Lyft, Instacart, and other gig economy companies are following suit, as well as being as accommodating as possible to their drivers. The problem is that gig economy workers are deemed as independent contractors, which means they are owed no special benefits or protections from a company. They are able to make their own schedules and work with flexibility in exchange for no health insurance or 401ks provided by their employers.
This leaves workers frustrated because they need to generate income, still. Same with Airbnb hosts who are experiencing a total cancelation of all bookings now through the end of 2020. These companies have spent years claiming they are neutral marketplaces and that their workers and hosts are entrepreneurs that welcomed in that lifestyle. Leaving all these people with financial responsibility is backfiring right now, however.
The future of these apps is dependent upon how their independent contractors weather this storm. With no federal assistance specifically targeted at gig workers at this time, many are calling on President Trump to create another relief package for travel, hospitality, food and beverage, etc. so they are able to come out of this in one piece.
More Funds in Coronavirus Laws?
Naturally, as this pandemic unfolds every single day, things change. The $2 trillion bailout law that was enacted at the end of March might not be enough, lawmakers warn today April 7, 2020. House Democrats are considering a package of spending increases that would cost more than $1 trillion. They are also looking to extend unemployment aid and support for small businesses.
At this time, $349 billion has been enacted in a small business loan program to ensure these businesses are able to weather the coronavirus storm as well. Considering small businesses make up 98% of exporters and 97% of importers, they are undoubtedly the backbone of our economy – an economy that is going to be on shaky grounds when we finally see the light at the end of the tunnel.
President Trump is in agreement with the SBA mandates, having also called for more corporate aid to boost the overwhelmed health-care system.
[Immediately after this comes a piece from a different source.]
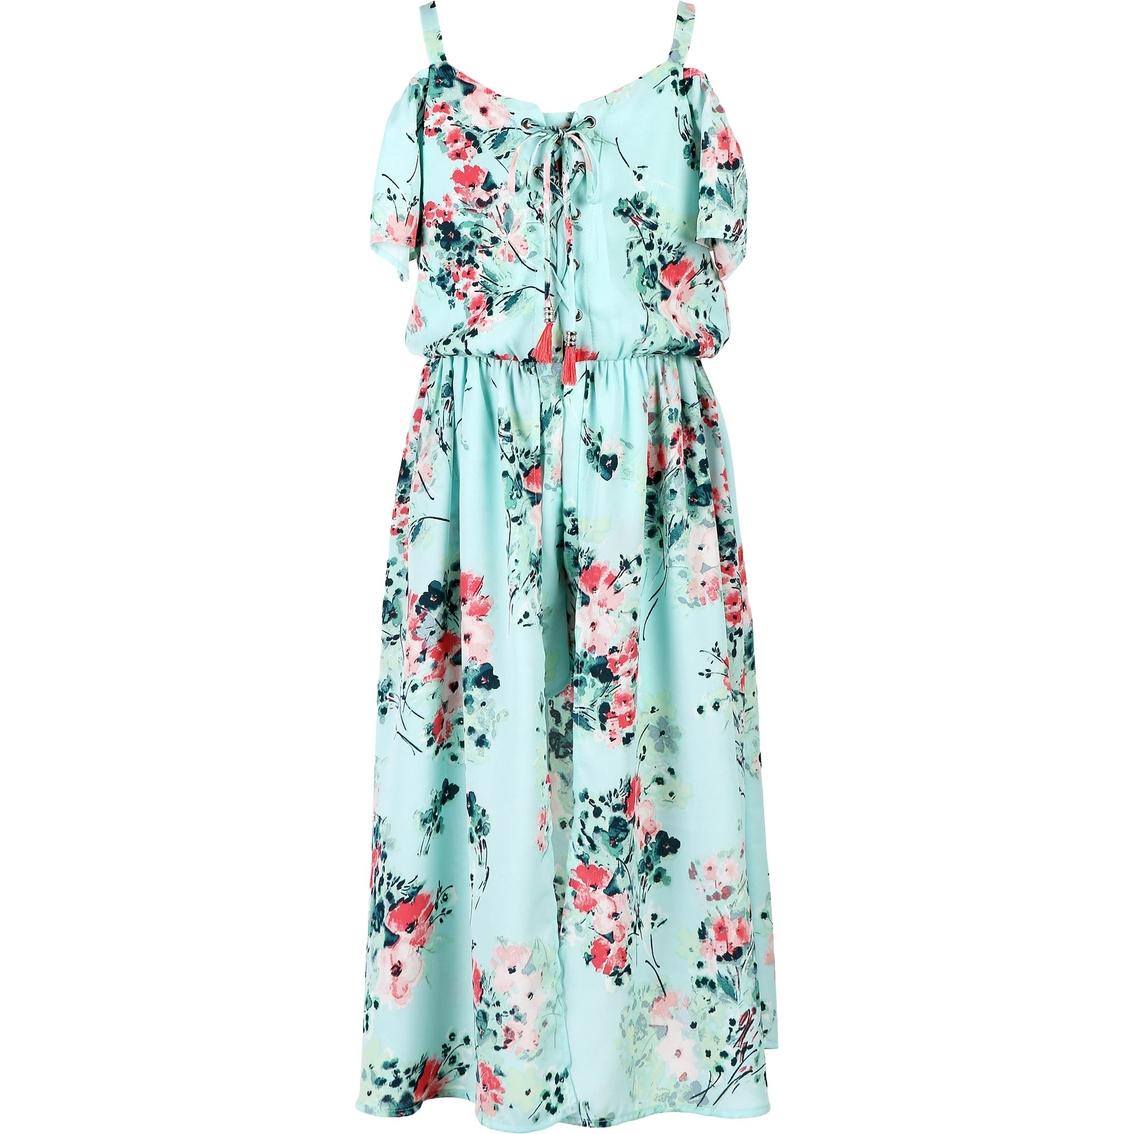 d20674bda Speechless Girls Floral Chiffon Romper Dress | Girls 7-16 | Apparel ...

It appears the federal government is going to approach a time in which “all money is gone” yet the entire country is in dire need of it. Who is going to receive what allocation? Only time will tell.
As you can see, this is an ever-changing process. The COVID-19 pandemic is an unprecedented occurrence that has even the most prepared governments unsure of what to do moving forward. State governors are doing their part to dismantle antiquated laws that hurt the food, beverage, and hotel industries at this time, hoping to do their part to keep everything afloat by the time this is all over.
Together, hopefully it will be enough. At the very least, it is refreshing to see laws drafted, debated, and passed in just days – with what is normally a multi-month process.